Some data feed columns output a number that corresponds to its actual value. Lookup files are used to match a number from a data feed column and match it to an actual value. For example, a value of “497” in the browser
hit data column indicates that the hit came from “Microsoft Internet Explorer 8” if you look in browser.tsv
.
Note that the column_headers.tsv
and event_list.tsv
are specific to the data feed and report suite. Other files, such as browser.tsv
, are generic.
The lookup files are delivered together in a compressed zip named according to the following:
[rsid]_[YYYY-mm-dd]-lookup_data.[compression_suffix]
Hit data is provided in a hit_data.tsv file. The amount of data in this file is determined by the delivery format (hourly or daily, and single or multiple files). This file contains only hit data. The column headers are delivered separately with the lookup files. Each row in this file contains a single server call.
Files delivered by Adobe vary based on the type of data feed that you have configured. All files are encoded using ISO-8859-1.
[rsid]
refers to the report suite ID the data feed is from.[index]
is used only in multiple file feeds, and refers to the correct order of paginated files.[YYYY-mm-dd]
refers to the starting day the data feed is for.[HHMMSS]
is used only in hourly feeds, and refers to the starting hour the data feed is for.[compression_suffix]
refers to the type of compression used.
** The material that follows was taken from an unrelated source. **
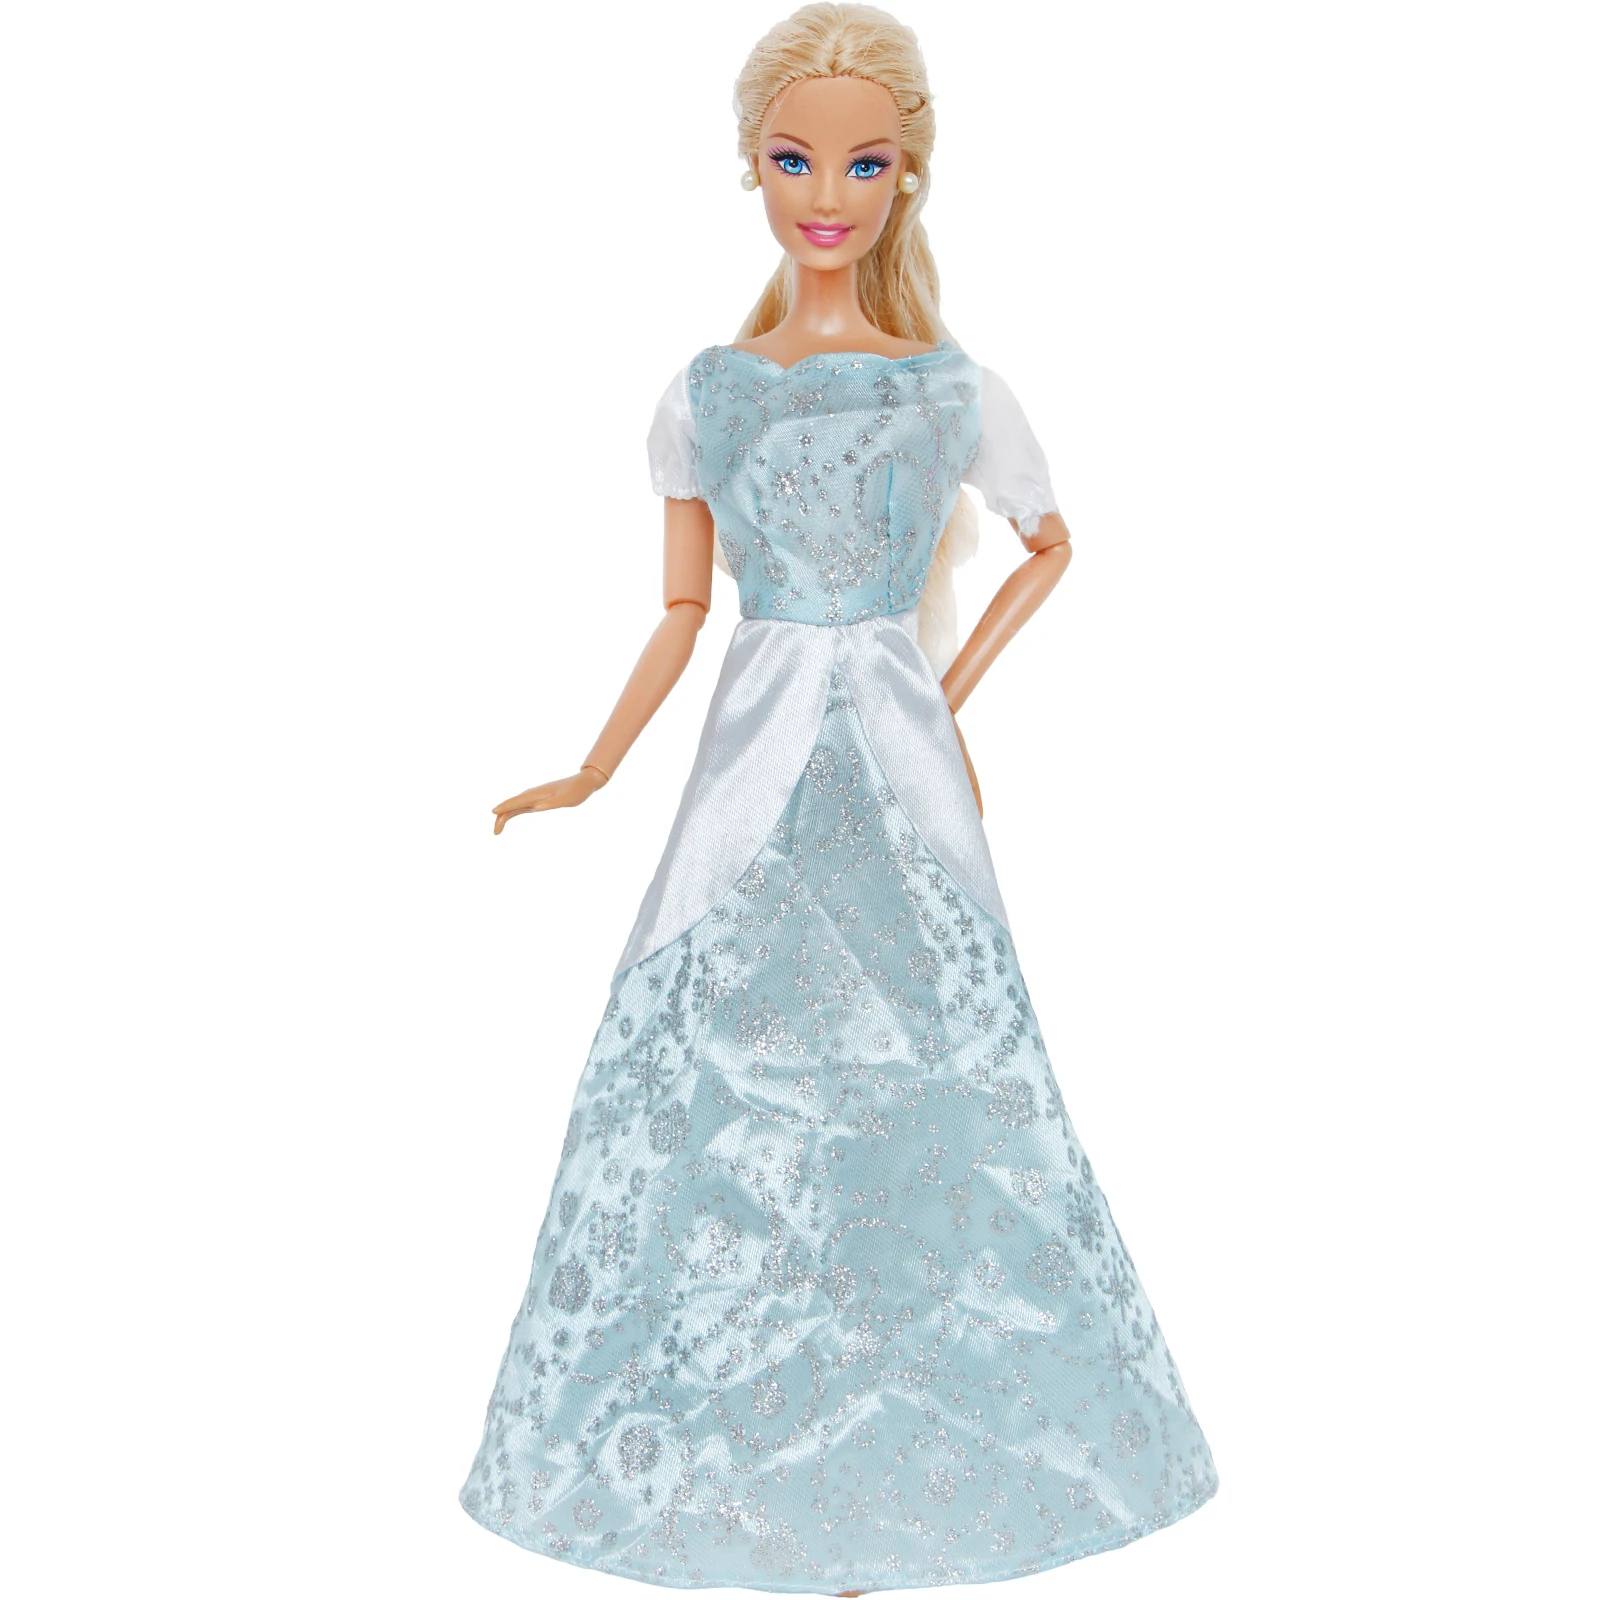 Fashion Fairy Tale Princess Dress Wedding Gown Shiny Party Outfit Clothes for Barbie Doll 12'' Pretend Play Kid Dollhouse Toys | - Фото №1

Typically data feeds are compressed into tar.gz
or zip
files.After data is collected for a day, you receive a single compressed data file and a manifest file. The data file is named:
[rsid]_[YYYY-mm-dd].[compression_suffix]
When extracted, the data file contains a single hit_data.tsv
file with all data for that day, as well as lookup files for any required columns.
After data is collected for a day, you receive one or more compressed data files and a manifest file. The data file is named:
[index]-[rsid]_[YYYY-mm-dd].[compression_suffix]
When extracted, each data file contains a single hit_data.tsv
that contains approximately 2GB of uncompressed data, as well as lookup files for any required columns.
After data is collected for an hour, you receive a single compressed data file and a manifest file. The data file is named:
[rsid]_[YYYYmmdd]-[HHMMSS].[compression_suffix]
When extracted, the data file contains a single hit_data.tsv
file with all data for that hour, as well as lookup files for any required columns.
After data is collected for an hour, you receive one or more compressed data files and a manifest file. The data file is named:
[index]-[rsid]_[YYYYmmdd]-[HHMMSS].[compression_suffix]
When extracted, each data file contains a single hit_data.tsv
that contains approximately 2GB of uncompressed data, as well as lookup files for any required columns.
The hit data file size varies greatly depending on the number of variables actively used and amount of traffic sent to report suite. However, on average, a row of data is approximately 500B (compressed) or 2KB (uncompressed). Multiplying this by the number of server calls can provide a rough estimate on how large a data feed file is. Once your organizations starts receiving data feed files, you can find a more accurate number by dividing the number of rows in hit_data.tsv
by its total file size.